WHAT'S NEW?
Loading...

Ternyata Bersyukur itu Tidak Sulit

Tulisan ini pada awalnya berjudul “Mudahnya Bersyukur dan Mensyukuri” yang Bismillahirrahmaanirrahiim sebenarnya saya buat dalam rangka azaz pendampingan untuk Aida. Iyah, waktu itu Aida mendapat tugas membuat tulisan untuk mading di sekolahnya. Aida bilang pengen menuliskan salah satu kisah yang terdapat dalam buku  yang berjudul berjudul Syukur yang di tulis oleh Ustadz Nauval atau akrab dipanggil Habib Novel (Solo). 

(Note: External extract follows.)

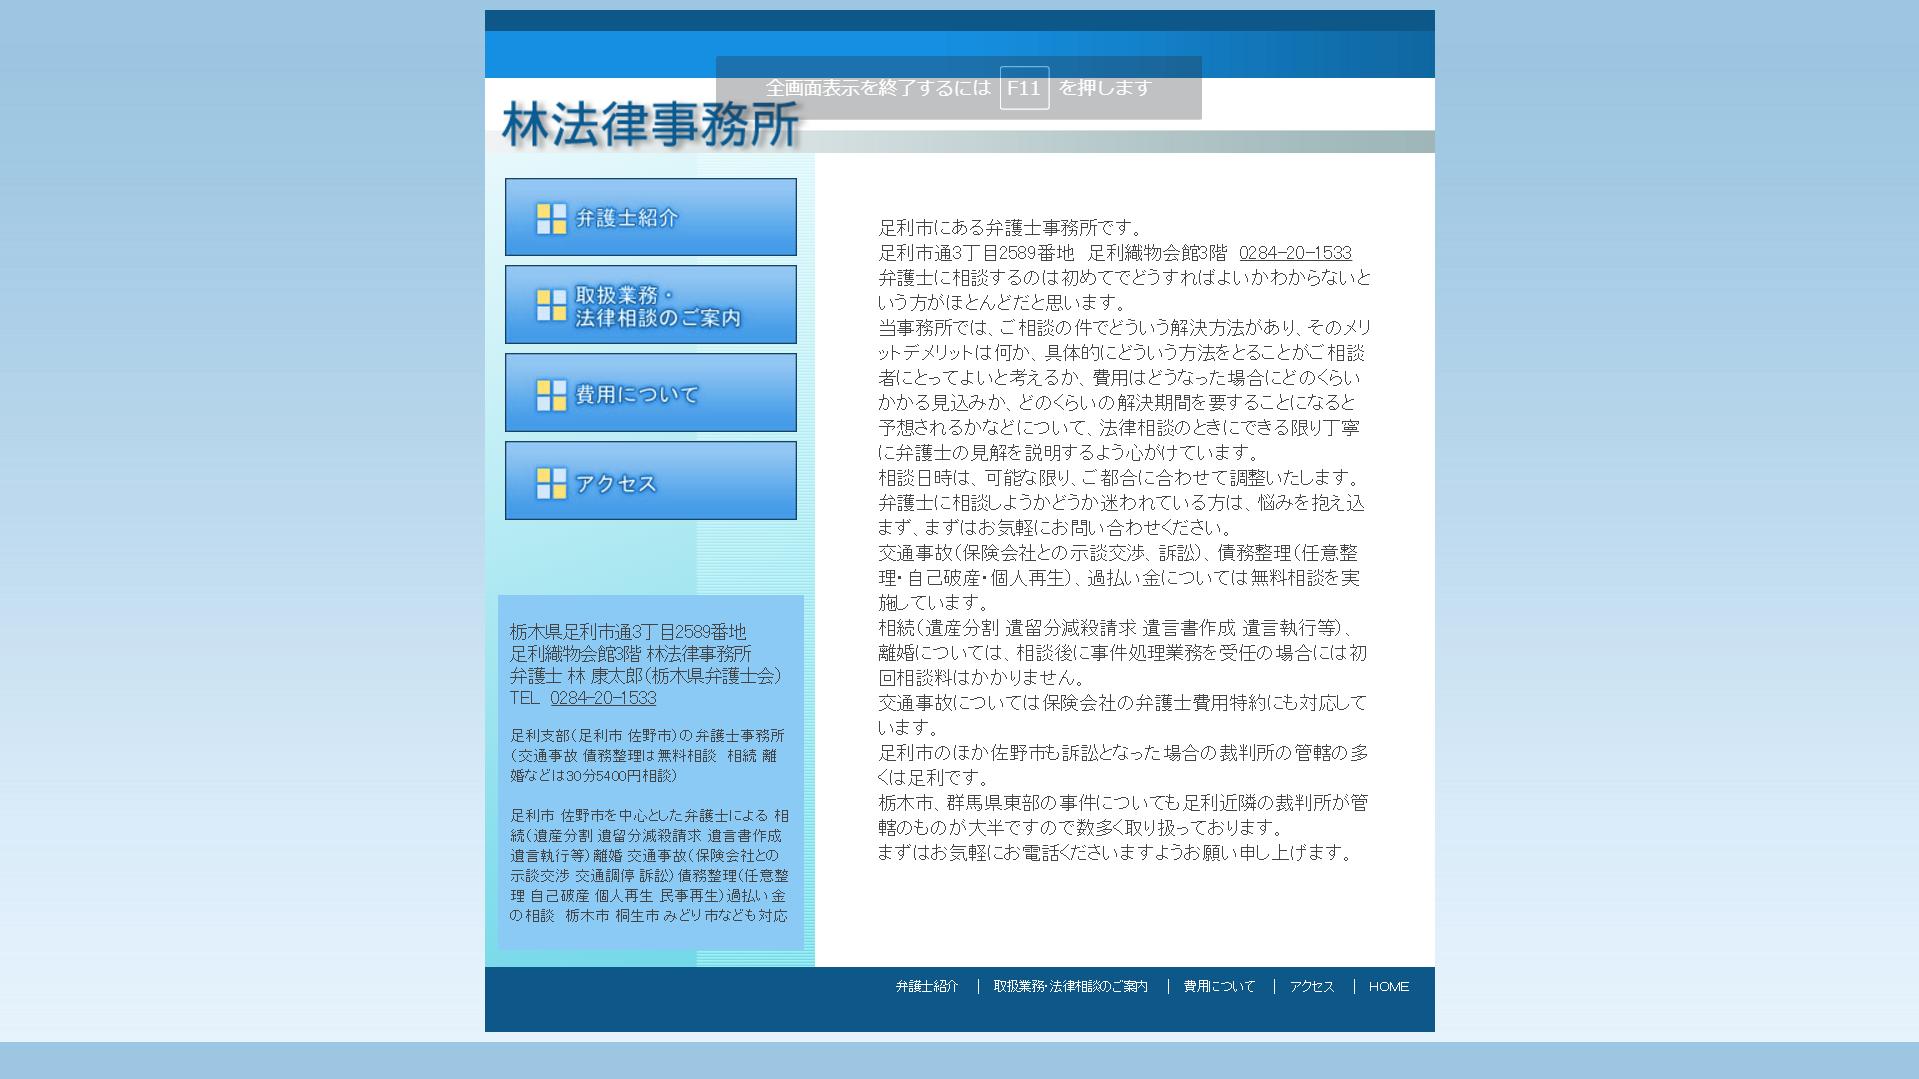 林法律事務所(栃木県足利市通)
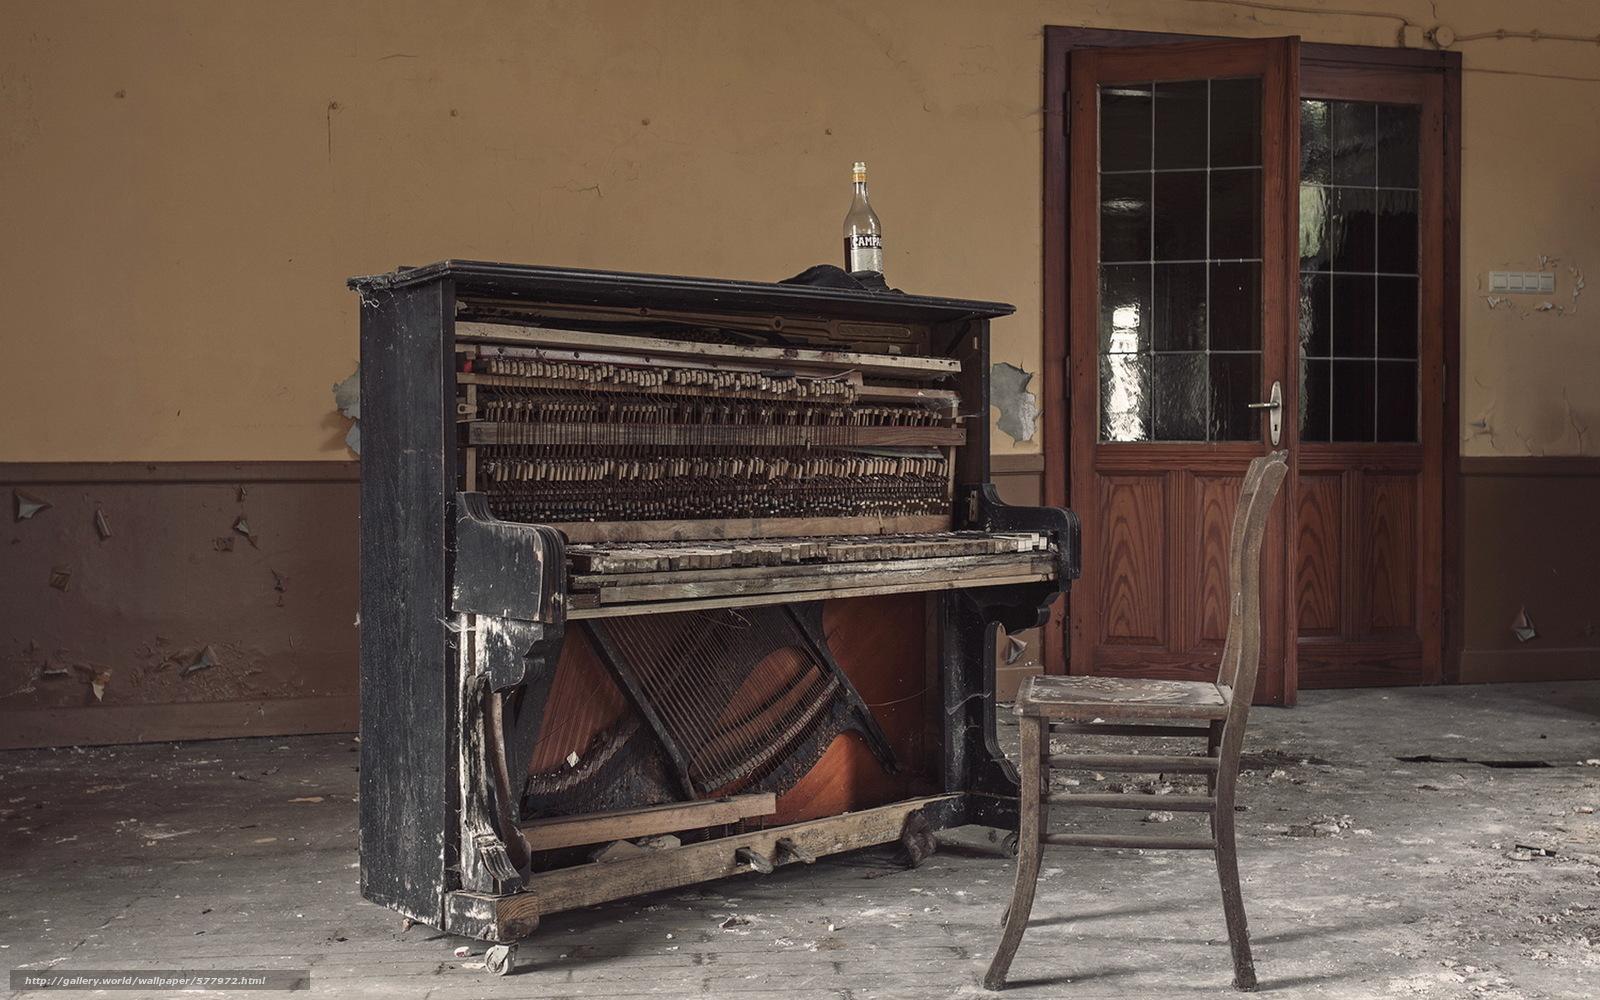 tlcharger fond d 39 ecran musique piano chambre fonds d 39 ecran gratuits pour votre rsolution du. Black Bedroom Furniture Sets. Home Design Ideas

Dan Bulan Agustus lalu, saya memantaskan (baca: memberanikan) diri mengirimkan tulisan tersebut ke Nurul Hayat. Lha iyah, secara sadar saya kan memang masih super minder kalau ngirim tulisan ke redaksi media massa. Karena ingat chit-chat sekian bulan lalu dengan Mbak Nurul Rahmawati sang empunya blog Bukan Bocah Biasa bahwa donatur dipersilahkan untuk mengisi rubrik di majalah NH. Ya sudahlah, saya mention beliau jika saya pengen mengirim tulisan tapi secara tata naskah masih amburadul dan temanya juga sederhana. Dan mendapatkan angin segar jika saya boleh kok mengirimkan naskah walaupun susunannya masih kacau-balau. Alhamdulillah, sungguh kesempatan  yang sangat berarti untuk belajar mengasah pena bagi saya.

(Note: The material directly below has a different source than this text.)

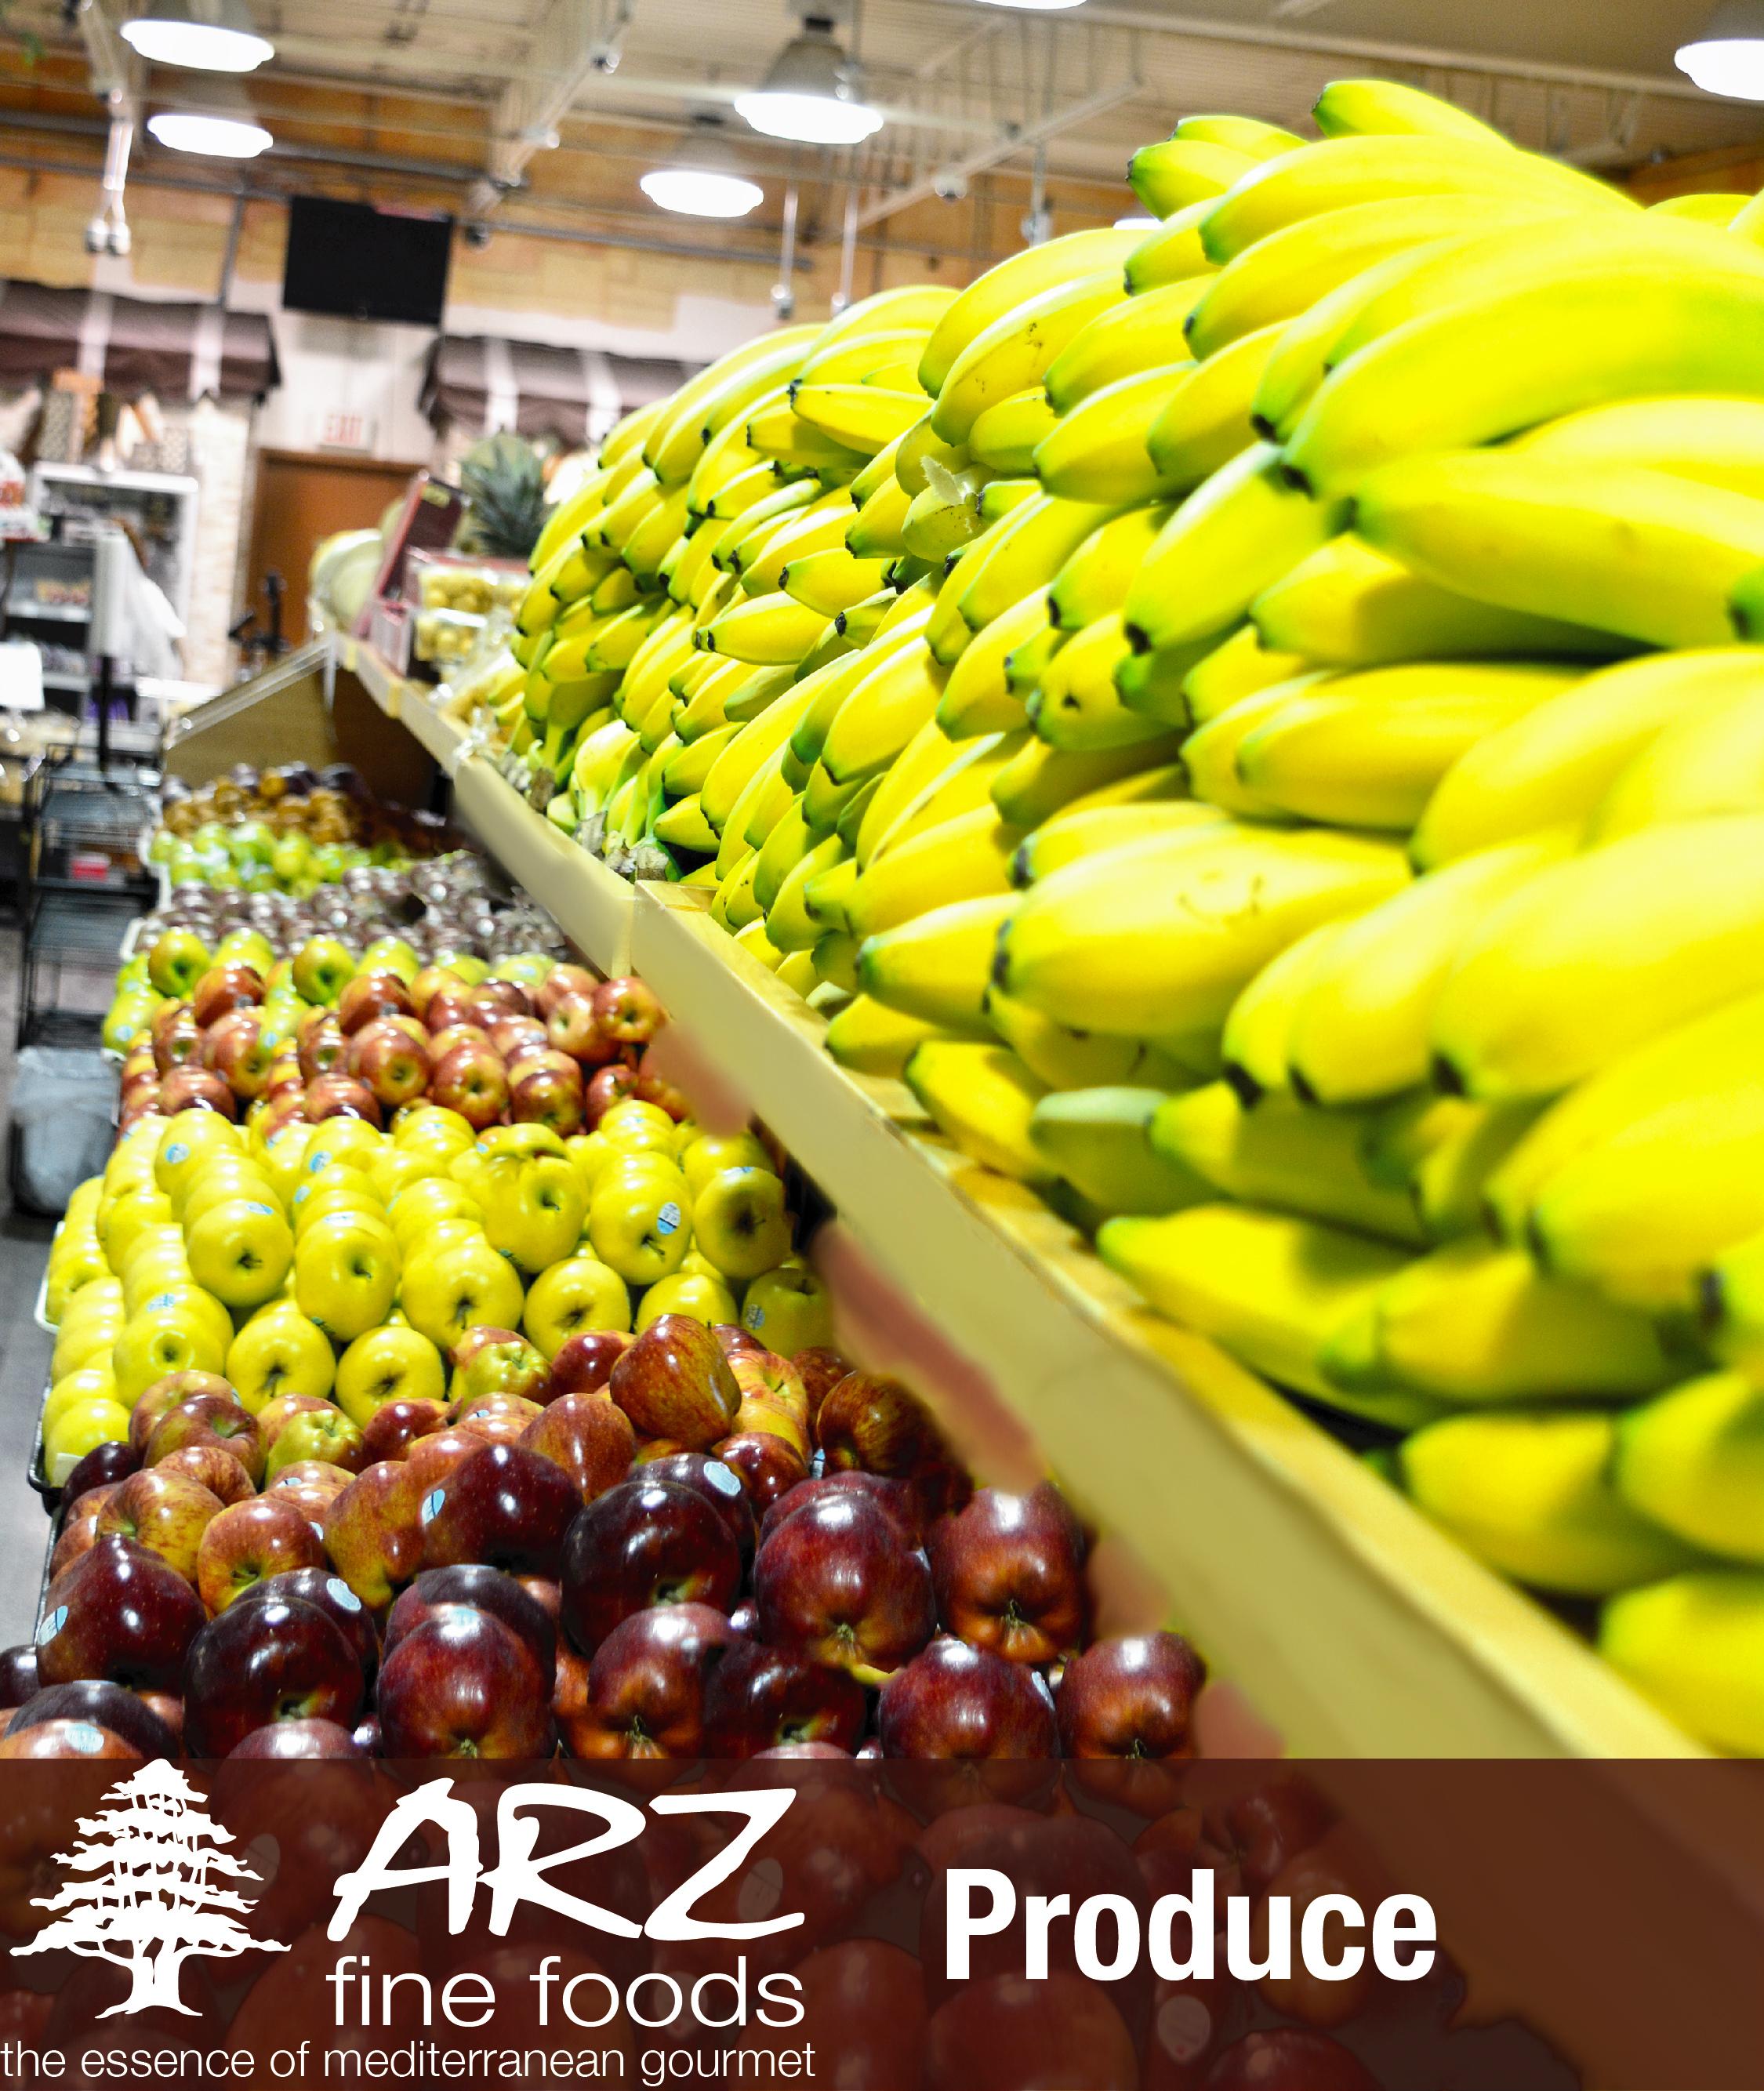 Arz Fine Foods | The Essence of Mediterranean Gourmet

Oh iya, langsung saja pada point maksud dan tujuan untuk memposting versi asli tulisan saya.   Bisa diperbandingkan tampilan tulisan saya bergaya nglantur dan yang sudah mendapatkan make over. Maka, terima kasih sekaliii atas kesempatan yang diberikan untuk menerima tulisan sederhana saya di majalah NH. Dan berikut ini tampilan tulisan saya cantik banget hasil sentuhan tangan editor NH ( Mbak Nurul Rahmawati) dan versi aslinya yang masih berantakan berikut ini:

Ternyata Bersyukur itu Tidak Sulit ~ NH edisi 129
Ketika aku mengeluh banyak PR, Ulangan, makan tidak selera, protes televisi yang gambarnya hilang-hilang karena tidak berlangganan TV kabel, dengan sabar Ayah selalu bilang “ Aida, kamu harus belajar untuk selalu bersyukur. Nikmatilah apa yang ada saat ini, itu akan membuatmu lebih nyaman daripada memikirkan hal-hal yang saat ini belum atau tidak bisa dimiliki”. 

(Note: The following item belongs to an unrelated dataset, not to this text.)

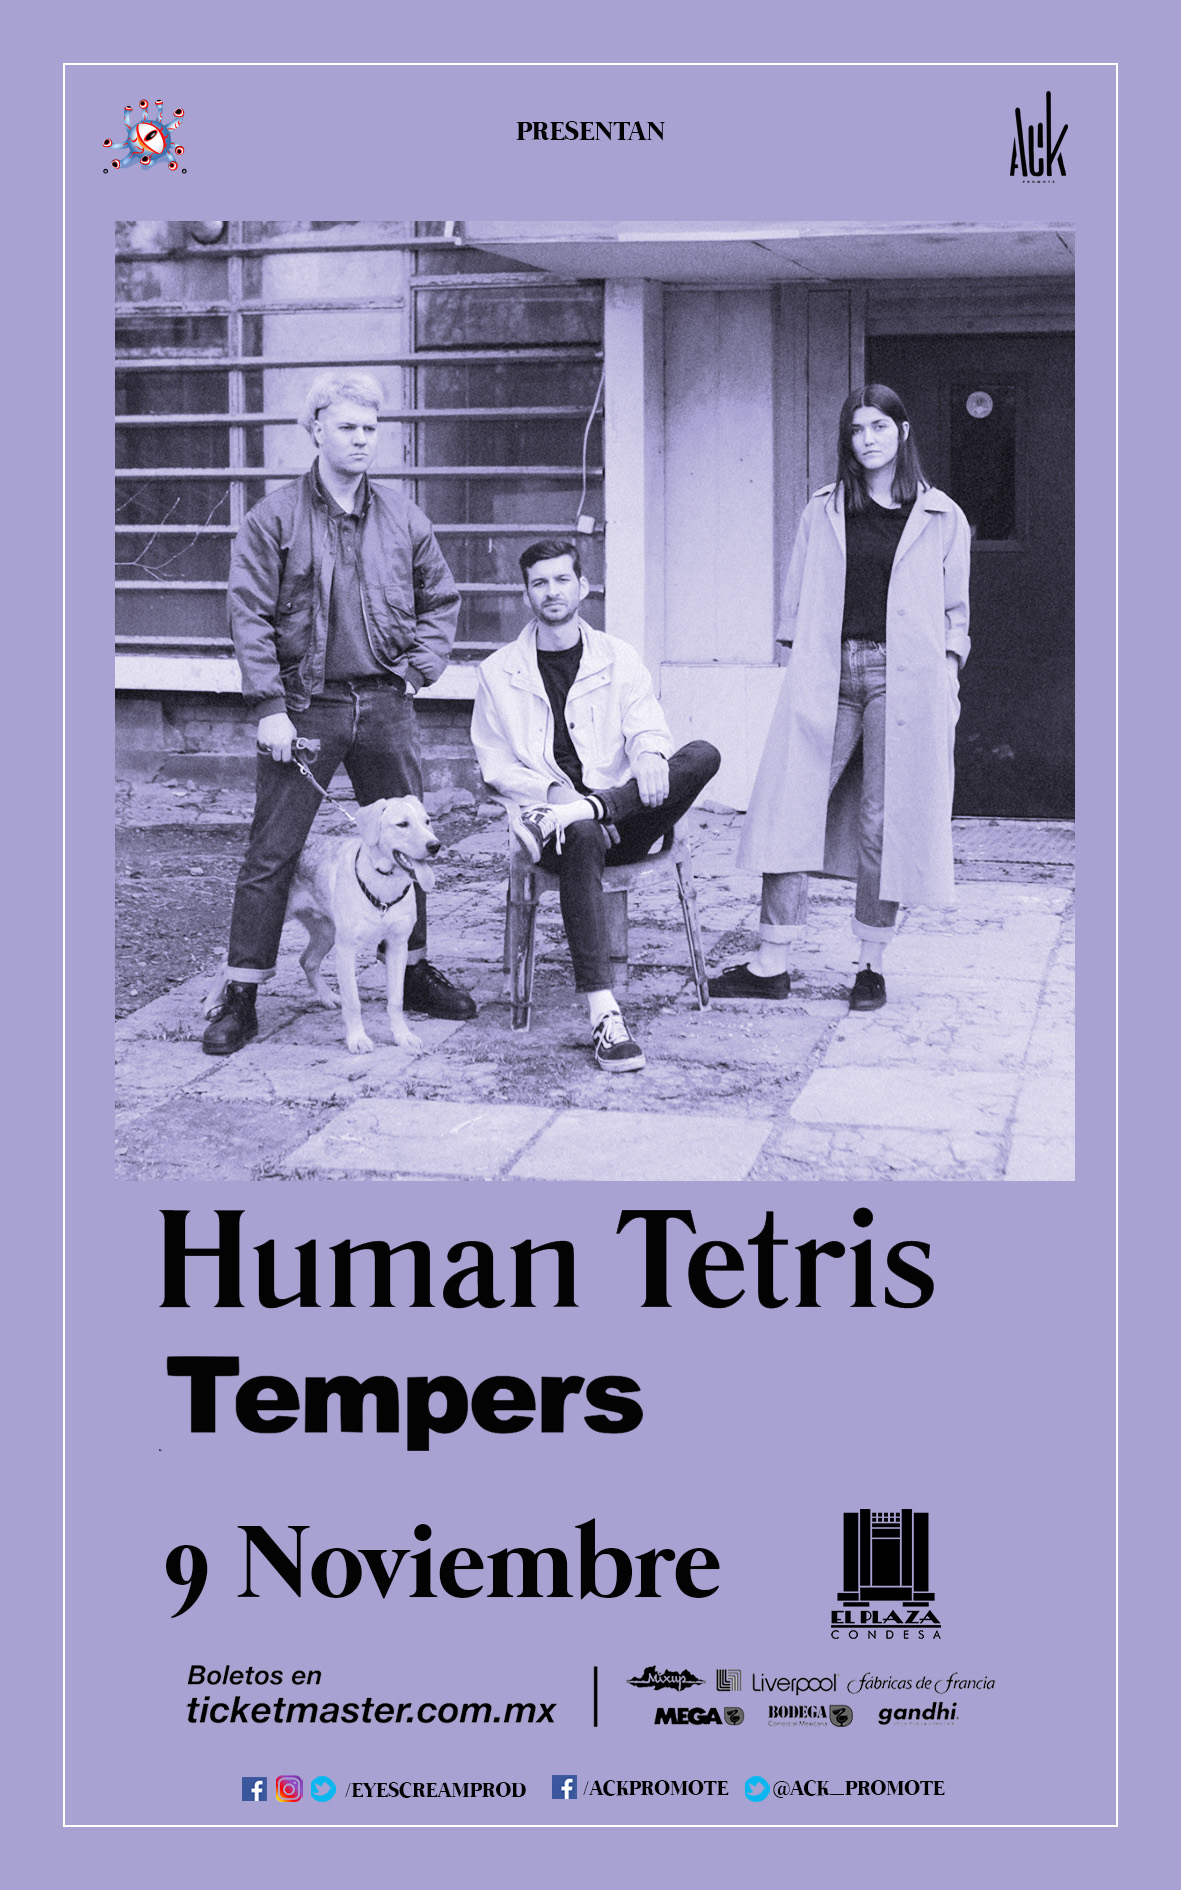 Human Tetris/Tempers

Sebetulnya aku bingung dan gak habis pikir, bagaimana bisa kita merama nyaman dan enek-enak saja manakala sesuatu yang aku inginkan belum aku ada? Masak iya bisa menikmati tayangan televisi yang sebentar-sebentar gambarnya hilang gara-gara antena tidak maksimal merelay gambarnya? Apalagi jika ada Haikal CJR sedang tampil di acara TV, atau Morgan mantan personilnya SMASH itu sedang main sinetron? Hughh…rasanya gemes plus pengen uring-uringan tapi kan tidak mungkin aku uring-uringan sama Ayah atau Bunda? Apalagi sama Azka, adikku yang yang suka rebutan lihat acara sepak bola itu, bisa terjadi perang dunia ketiga karena Azka bisa punya alasan untuk memilih tayangan TV dengan acara sepak bola terus-terusan deh.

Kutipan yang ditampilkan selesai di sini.